Description of problem:  The introduction of hosted-engine really brought some needed HA functionality to the RHEV Manager.

However, there is no disaster recovery plan, and this is already being brought up by customers.

Imagine a scenario where hosted engine is deployed on a rack of servers, and the server rack fails permanently.  We have no plan in place for a customer to re-deploy hosted engine.

My teammates and I have done some research and experimentation, and we have a rough article on recovering from a disaster of this nature here:

https://access.redhat.com/site/articles/912863

I would love to see hosted-engine incorporate the ability to:

* When an already defined local engine SD is detected, offer the ability to use the VM that exists there, in addition to either being a new "slave" host or destroying the contents of the share and beginning again

* When connecting to the database for the first time, detect and remove old host/VM configurations before adding the new ones.

These two changes would make disaster recovery much more approachable by the customer.

Comment 1 Itamar Heim 2014-06-30 16:24:03 UTC

James - afaik, hosted engine installer allows to connect to an existing hosted engine storage domain when you add a new host.
on the other hand, if you lost the hosted engine, 3.5 adds 'import data domain',

can you please elaborate a bit on what you want?

thanks,
   Itamar

Comment 2 James W. Mills 2014-06-30 21:28:26 UTC

Itamar,

You are correct, if I already have HE deployed, adding a new host to it is supported (yay!).  However, the scenario we were investigating is more of a disaster recovery one.

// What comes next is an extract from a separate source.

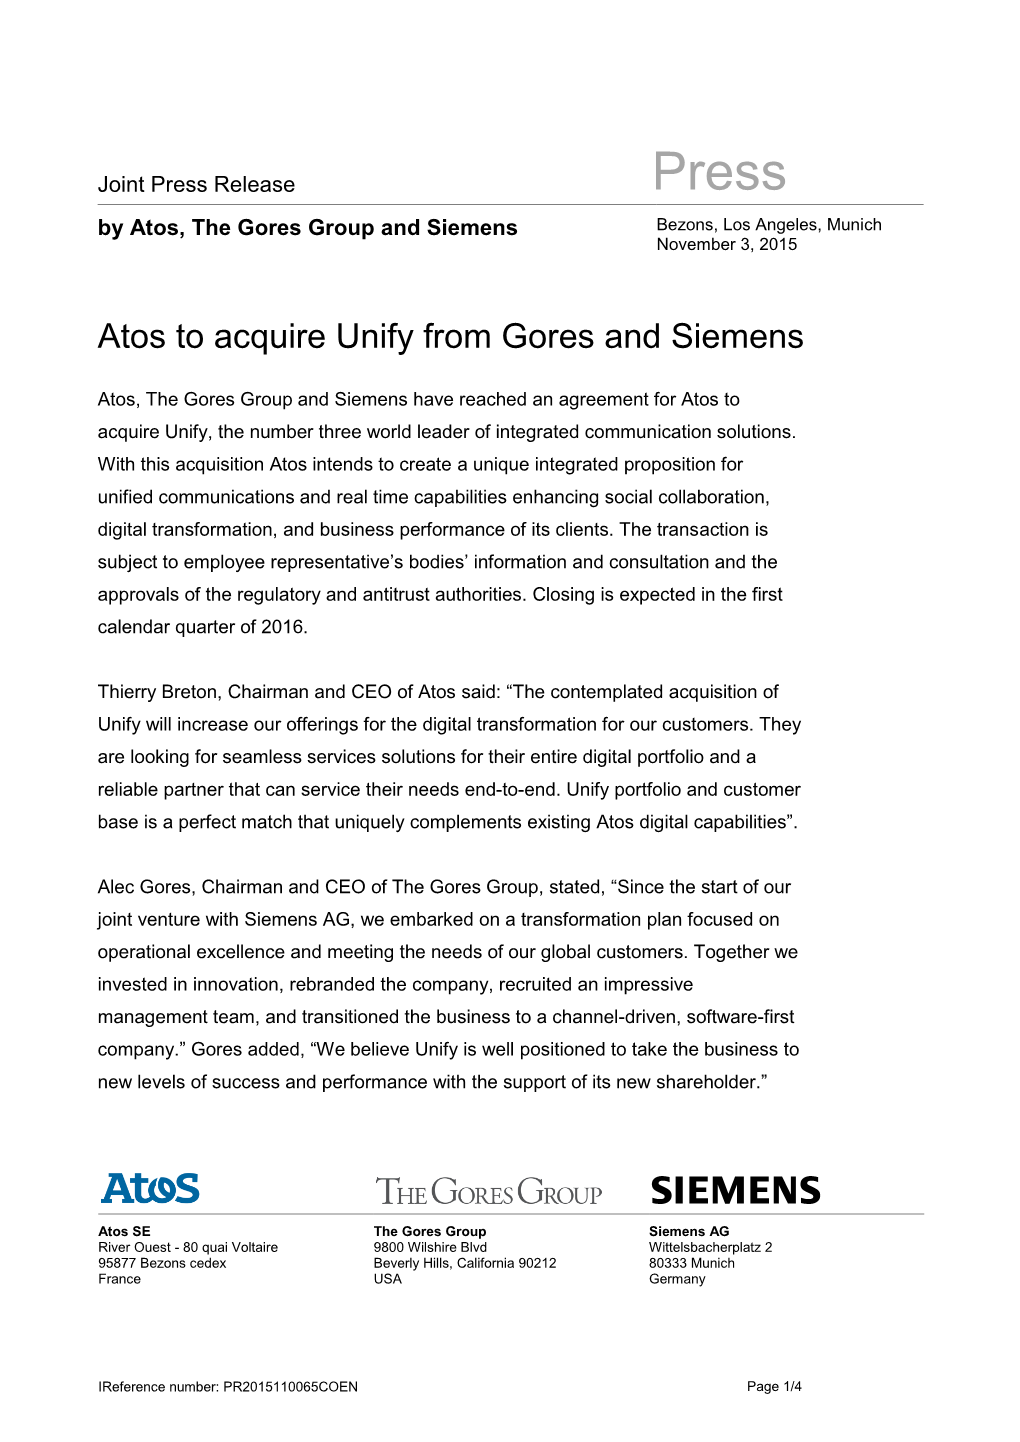 Atos to Acquire Unify from Gores and Siemens

Imagine a simple setup like this:

* Two HE hosts
* One "private" HE SD (where the manager lives)
* Normal RHEV environment (DCs/SDs/VMs)

Scenario 1 - If you lost the two HE hosts, but everything else was still intact.

In this scenario, a manager VM exists.  When re-installing the initial HE host using the same private SD, it will detect that the private SD exists.  When it does this, it gives you two options, "become a slave" or "remove everything and begin again".  Since this is the first host, it cannot "become a slave".  It would be very nice if a third option "use the existing VM configuration" was there.  This would allow the setup to reuse the existing VM and not force the user to reinstall the OS/RHEV/database backup.

Scenario 2 - If you lost the two HE hosts *and* the private HE SD.

In this scenario, everything is gone and we will need to begin anew.  However, assuming we had a recent "engine-backup", we could reinstall the IS/RHEV, then restore from the backup.  It would be beneficial if the HE installation could automatically "clean up" the existing host/manager VM entries in the DB before trying to add the new host/manager VM entries.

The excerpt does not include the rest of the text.